*ACTIVITY:* The answer is the exact run of lines in the listing below from the line containing "United Colors of" up to and including the line containing "полонених захисників (ФОТО)", with pictures removed.

[[ RECORDED INFORMATION open ]]

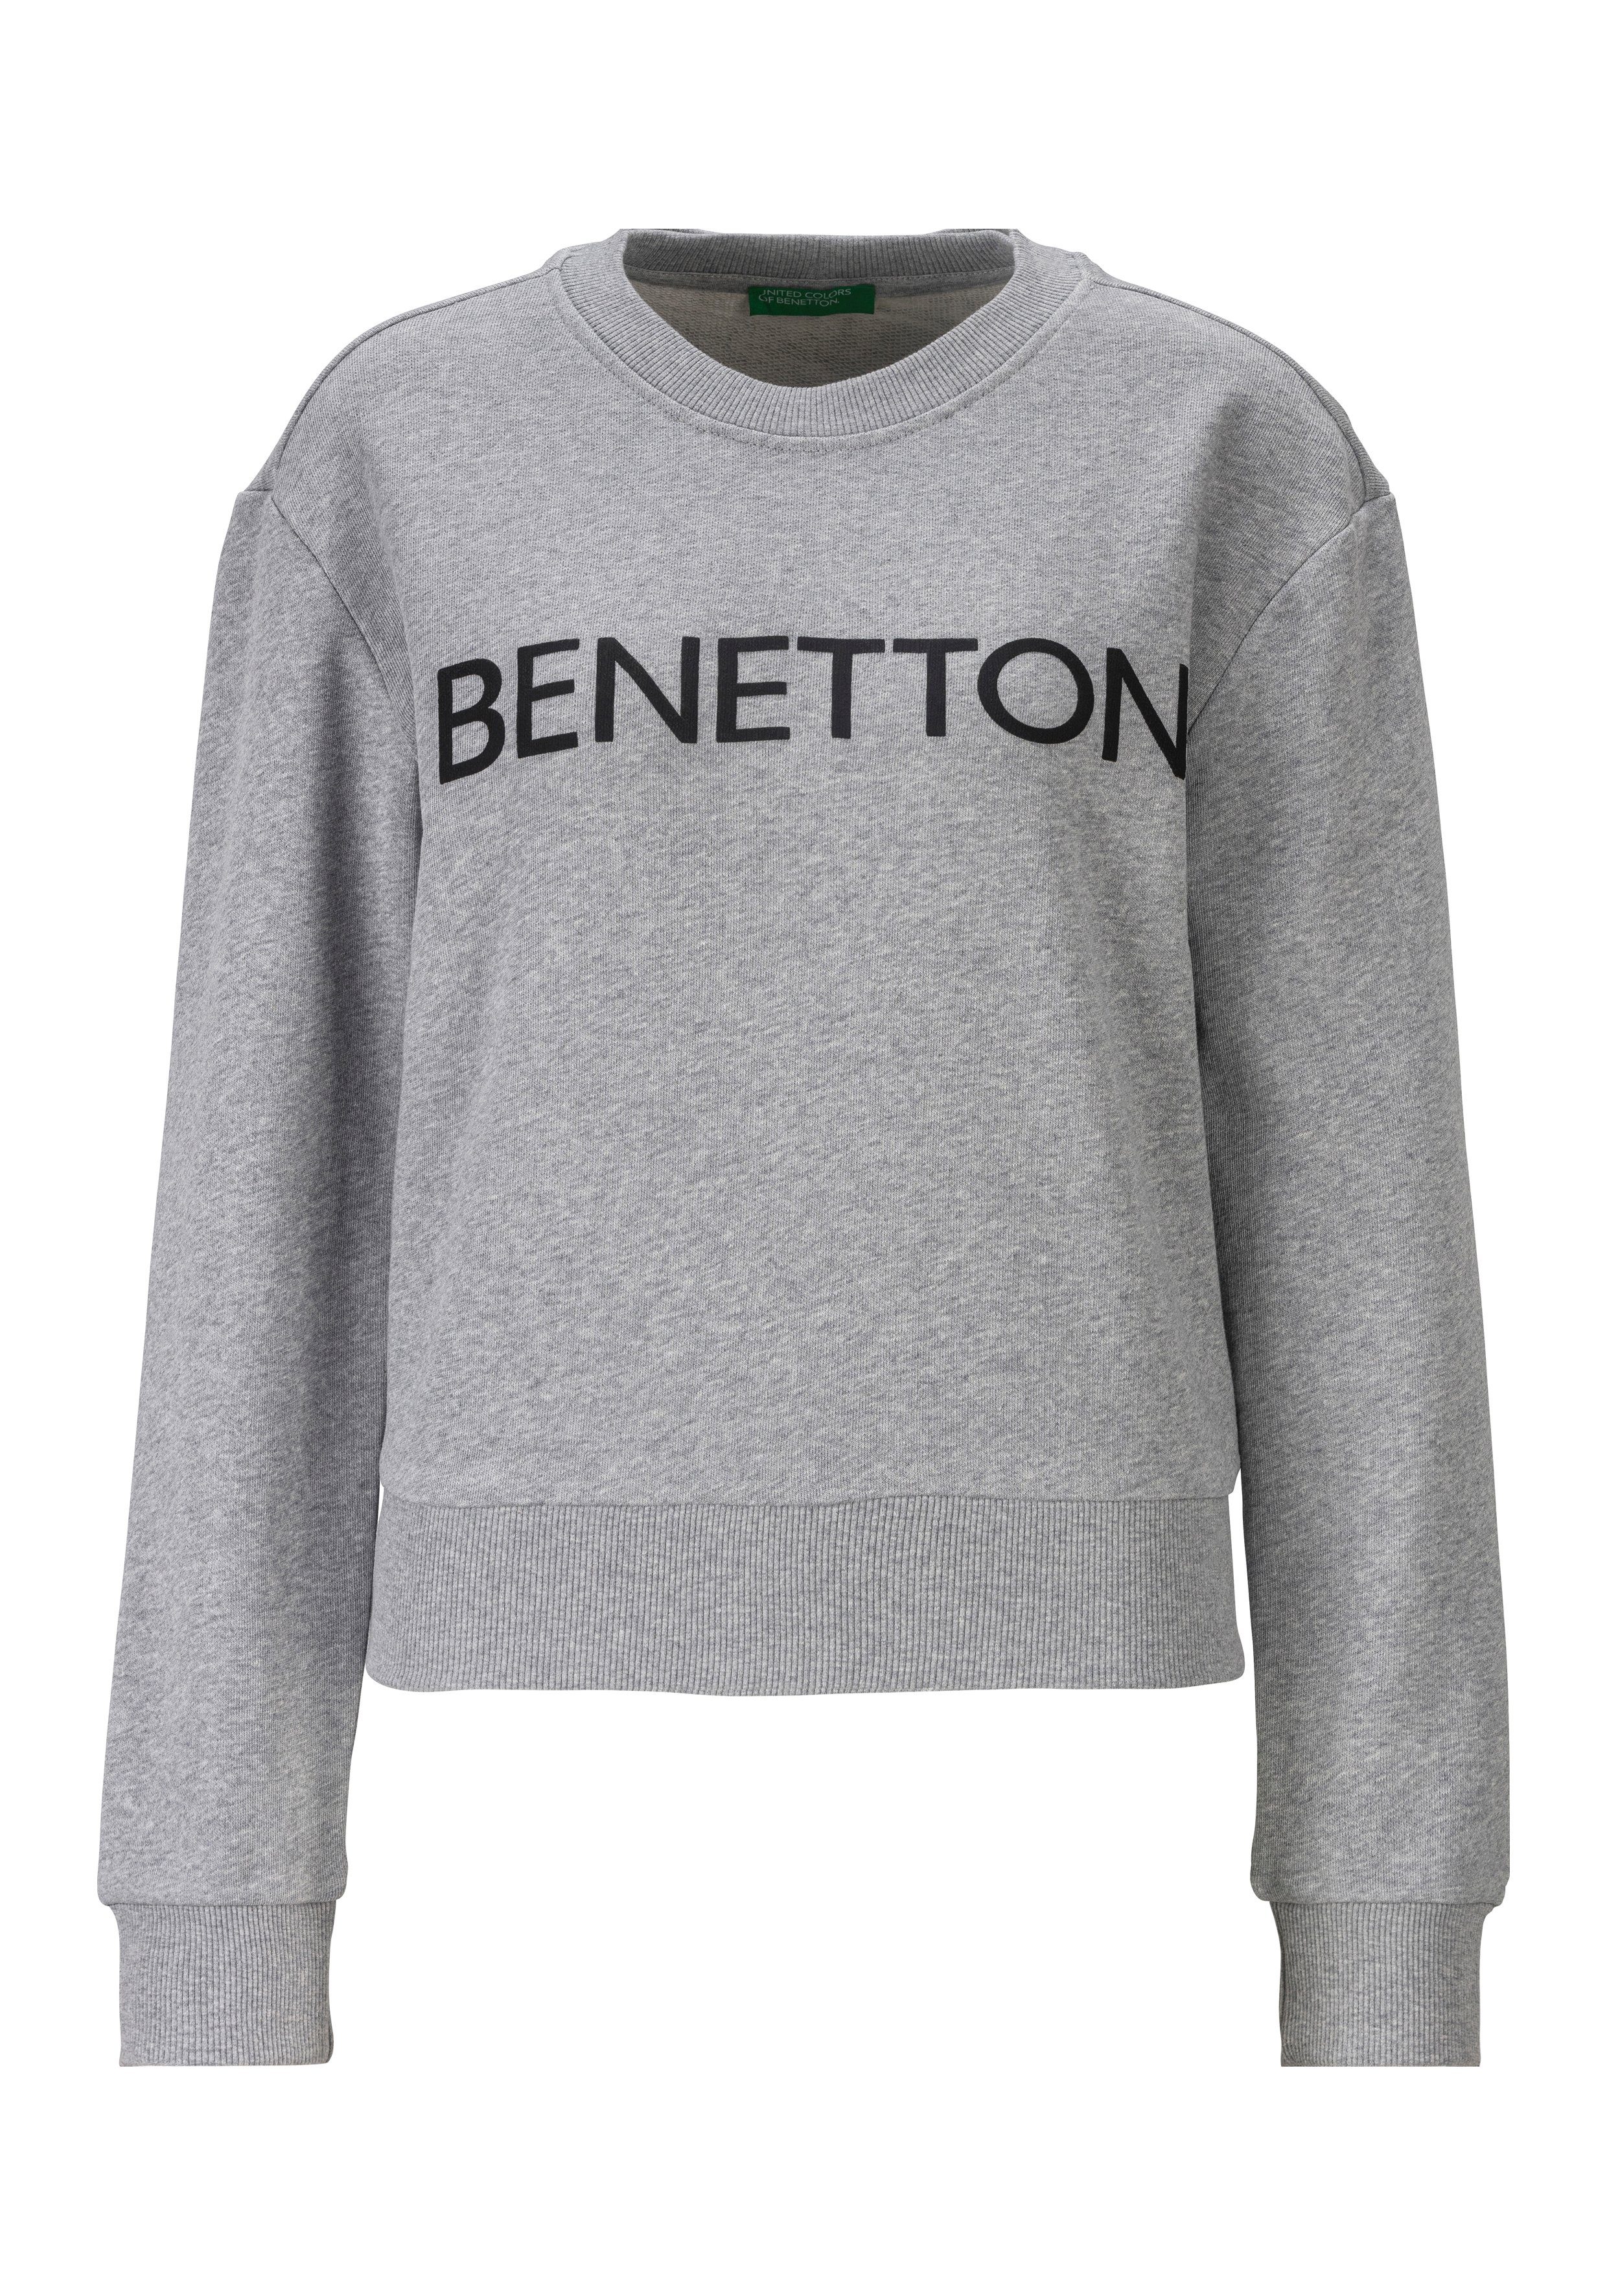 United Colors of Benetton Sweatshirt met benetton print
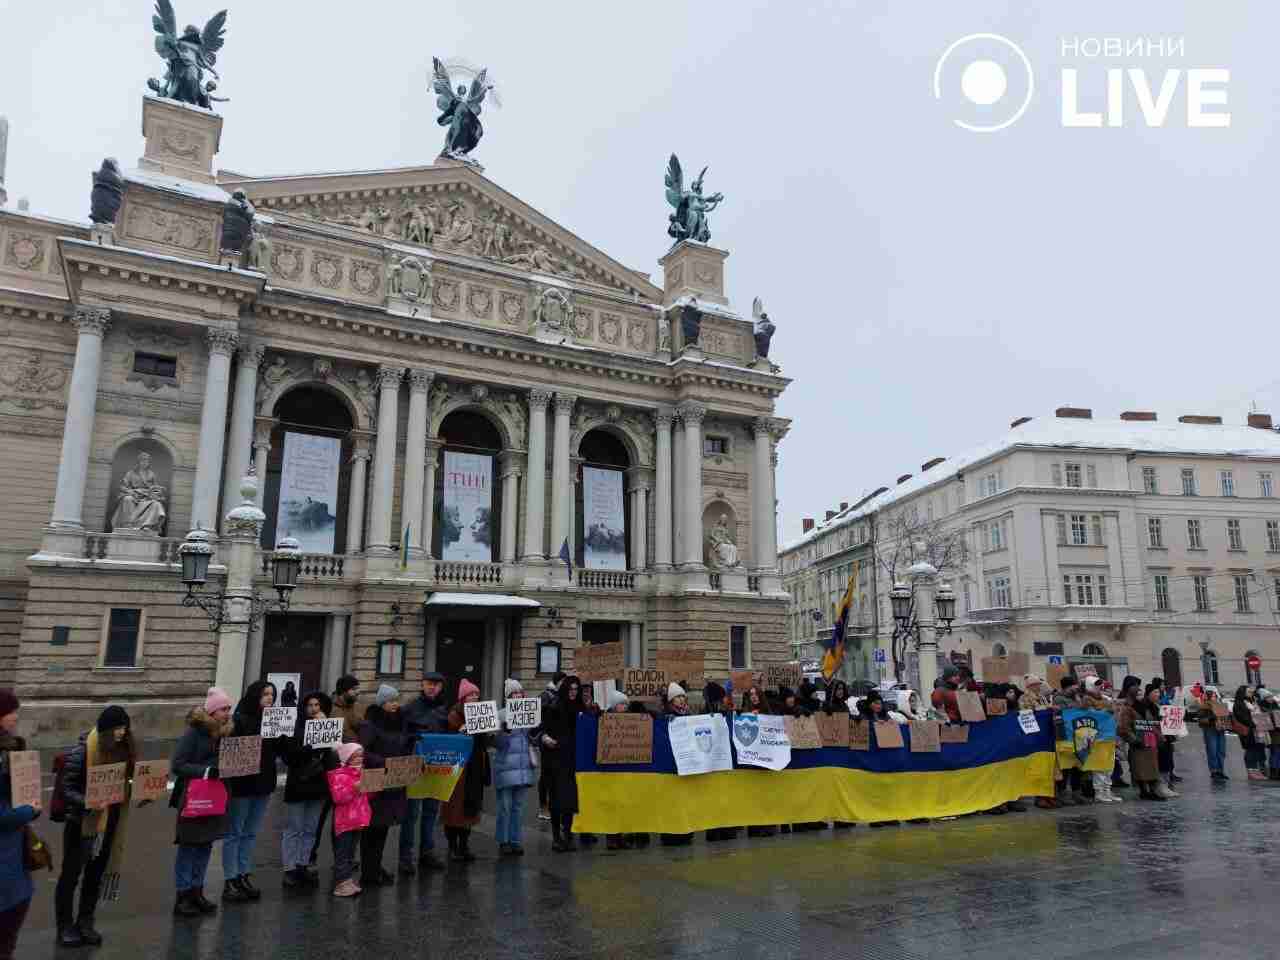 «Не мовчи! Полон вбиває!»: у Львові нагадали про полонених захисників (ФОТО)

[[ RECORDED INFORMATION closed ]]
[[ RECORDED INFORMATION open ]]

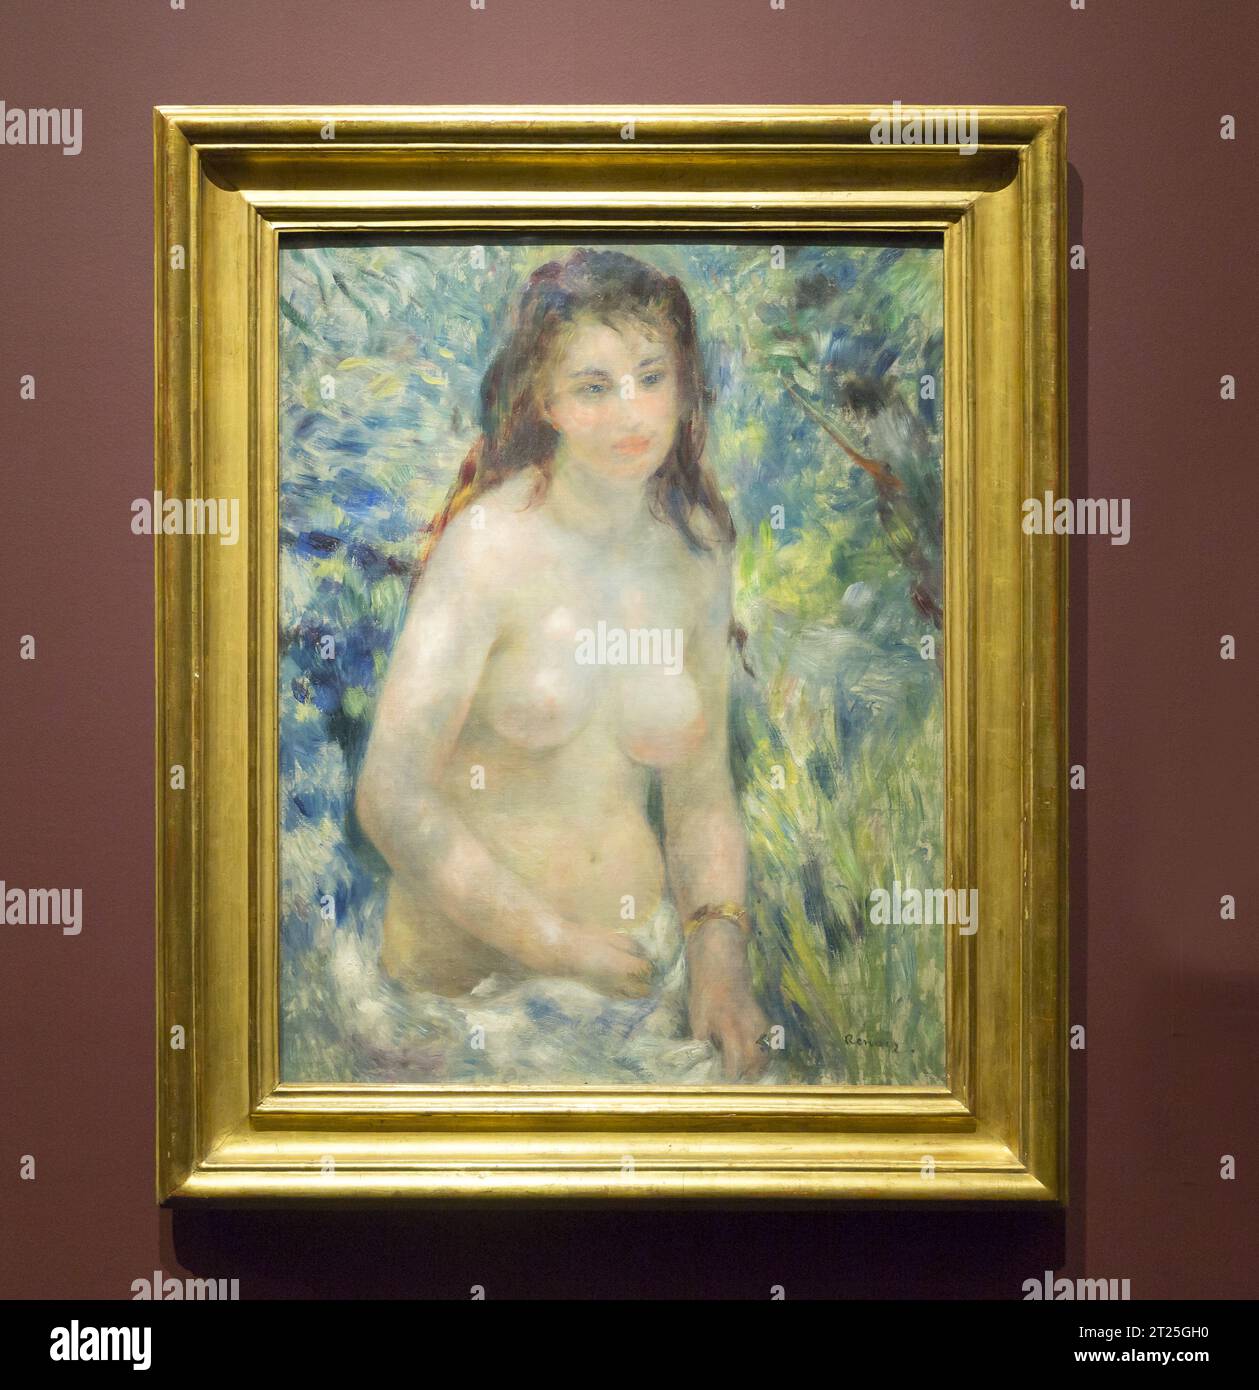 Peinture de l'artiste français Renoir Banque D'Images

[[ RECORDED INFORMATION closed ]]
[[ RECORDED INFORMATION open ]]

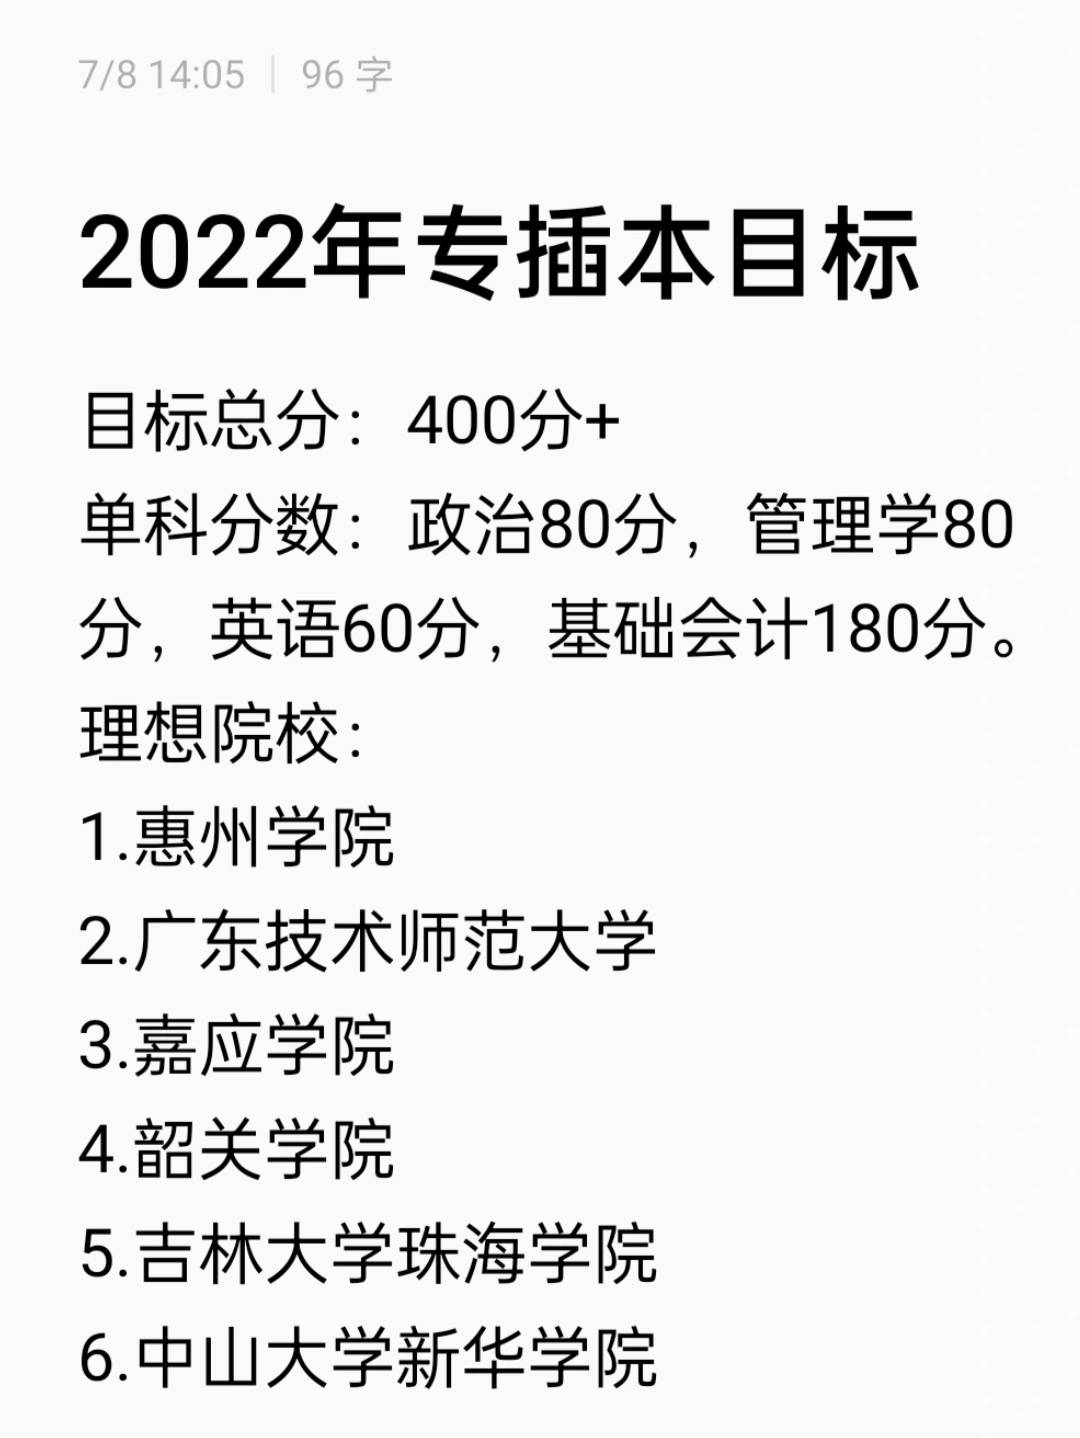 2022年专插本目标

[[ RECORDED INFORMATION closed ]]

*WRITTEN REPLY:*
 United Colors of Benetton Sweatshirt met benetton print
 «Не мовчи! Полон вбиває!»: у Львові нагадали про полонених захисників (ФОТО)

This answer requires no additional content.